Lann Martin (Feb 14 2023 at 21:49):

Yeah, if you wanted to use a content-addressed store "natively" you would need to stick to the "canonical fully split" form. That does make the inlining option less appealing.

Lann Martin (Feb 14 2023 at 21:52):

I don't have a good sense of how many data segments we should expect in general. I've seen some pretty heavy fragmentation from wizer+dotnet iirc; if there are a lot of small segments the OCI protocol overhead might eat away at the deduplication savings

Lann Martin (Feb 14 2023 at 21:52):

I guess that would be an argument in favor of splitting only passive segments

Luke Wagner (Feb 15 2023 at 18:59):

I think the canonical split algorithm could also make the canonical decision of whether to split or not based on byte length (e.g.: data segments don't get split out unless they are bigger than X bytes). if we version the split format up front, then we could have different magic constants and criteria for different versions over time based on experience

Lann Martin (Feb 15 2023 at 20:03):

@Peter Huene was your "I think so" in zoom a pro-splitting stance?

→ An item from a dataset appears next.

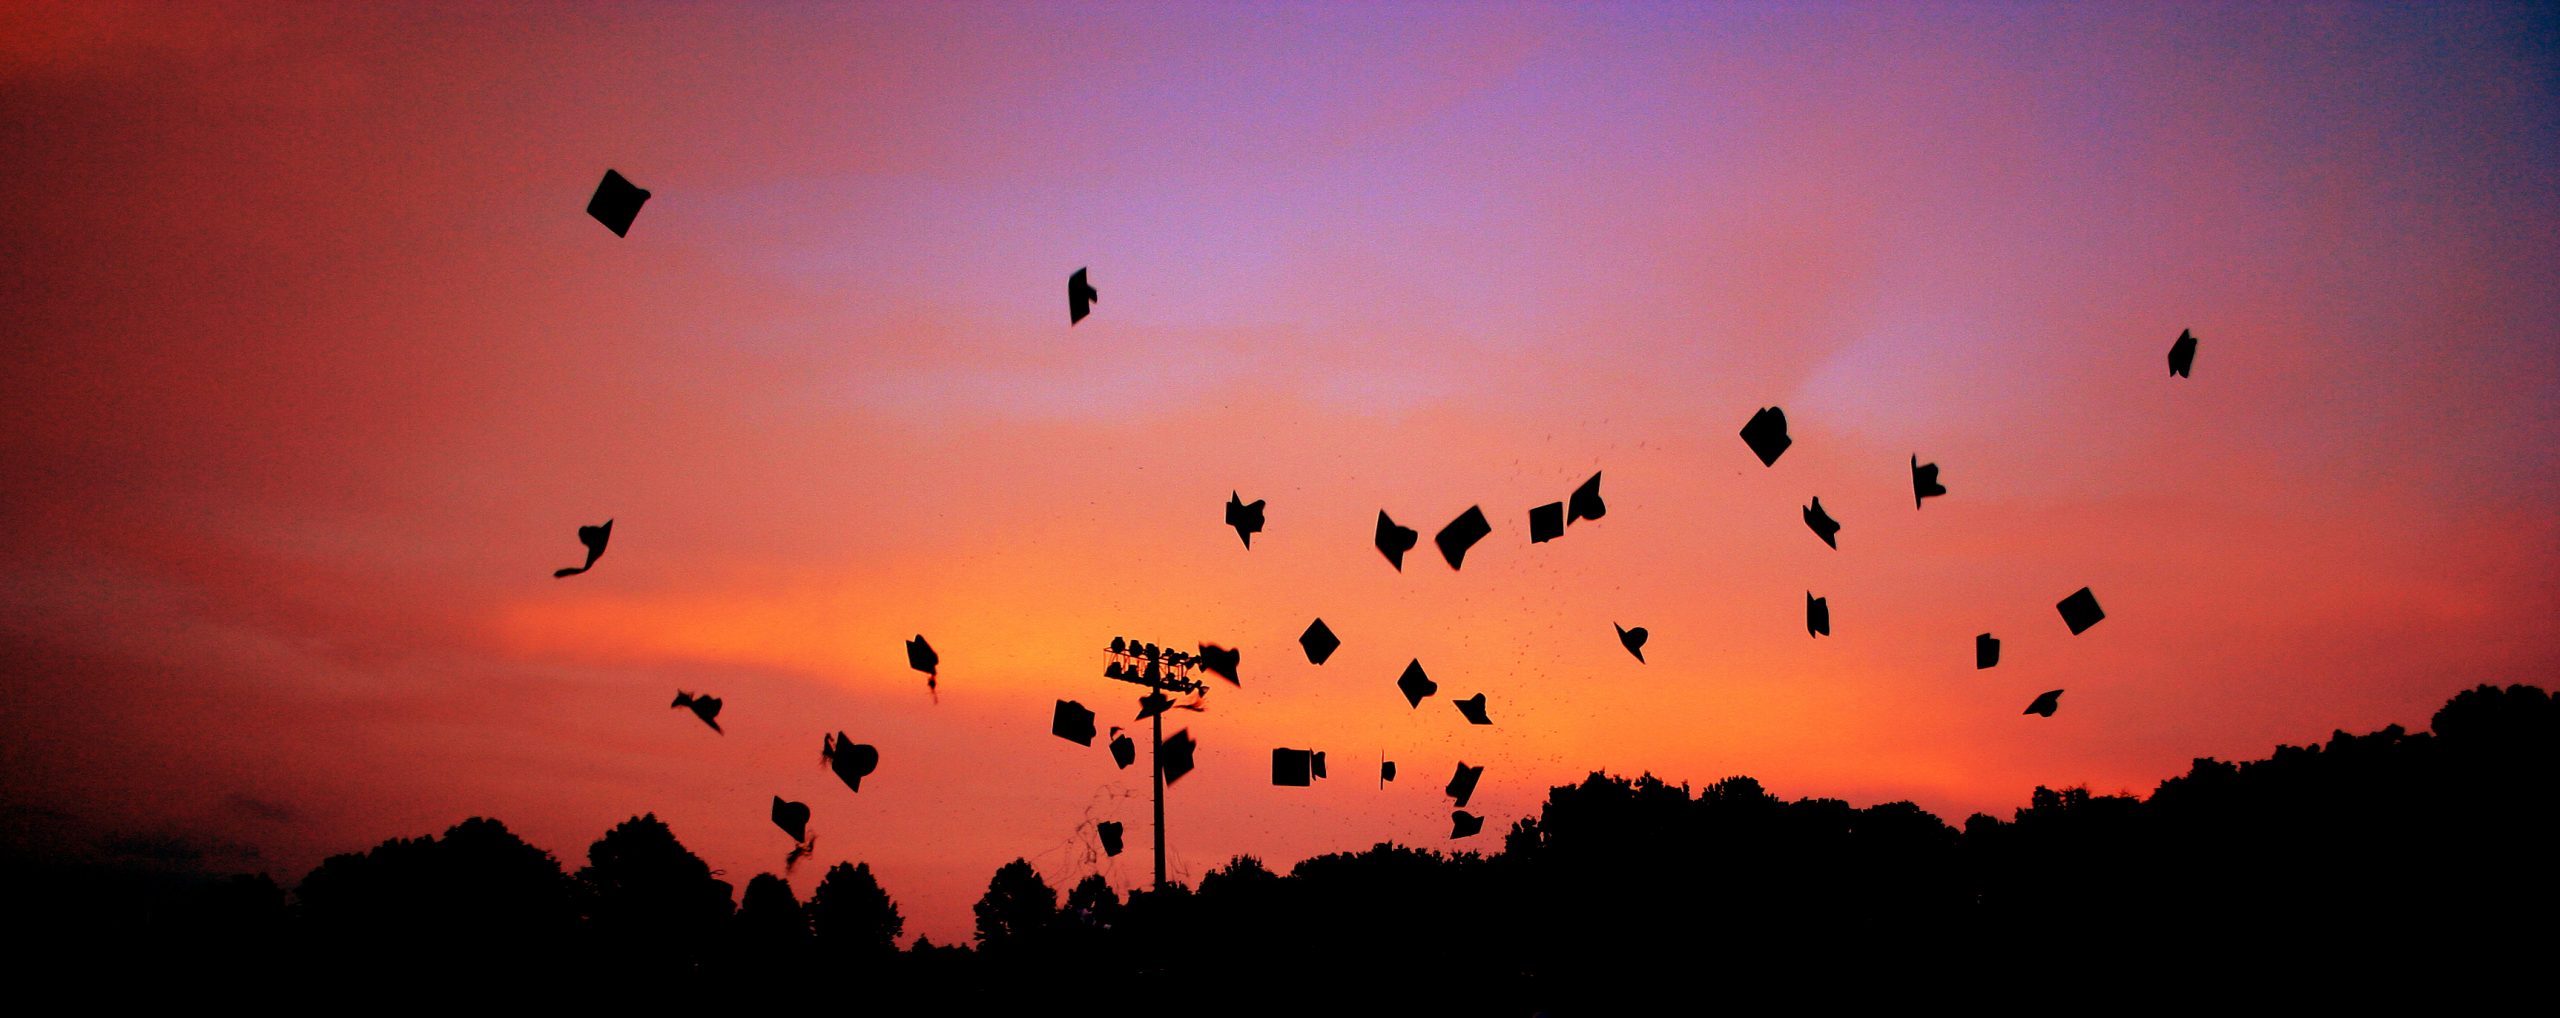 black graduation caps being thrown in the sunset sky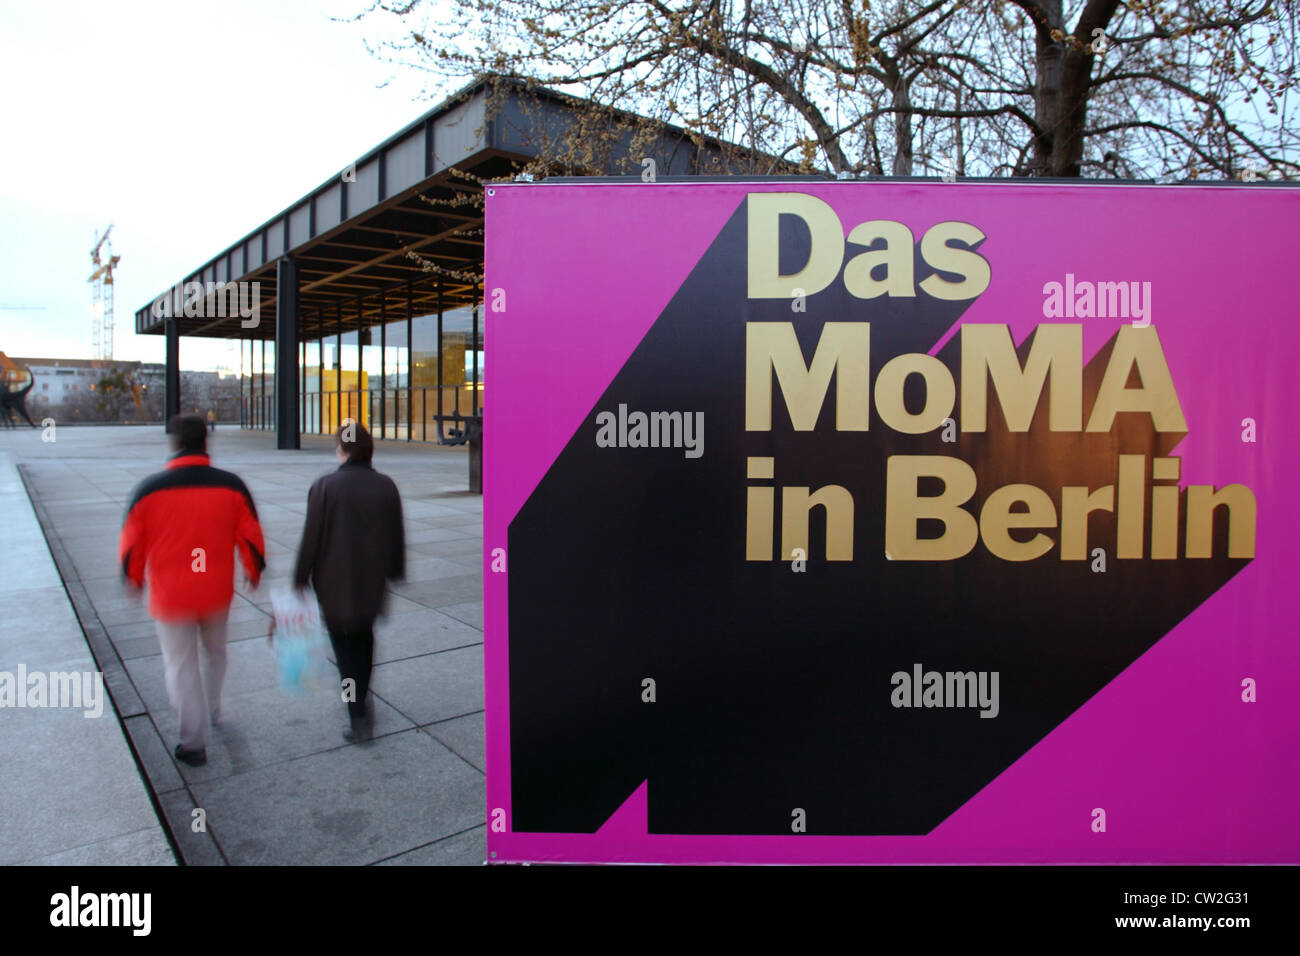 Laboratorium Styre fremtid Moma In Berlin High Resolution Stock Photography and Images - Alamy

Peter Huene (Feb 15 2023 at 20:24):

oh sorry, no that was in response to the question if clients would cache the content-addressed data by the digest so that it can be reused between multiple split components

Peter Huene (Feb 15 2023 at 20:24):

but i am pro-splitting in general if that's the question

Peter Huene (Feb 15 2023 at 20:25):

sorry i missed some context having to chase the dog down the street

Peter Huene (Feb 15 2023 at 20:25):

thankfully we (i rounded up two neighbors to help) caught her

Last updated: Apr 11 2025 at 05:03 UTC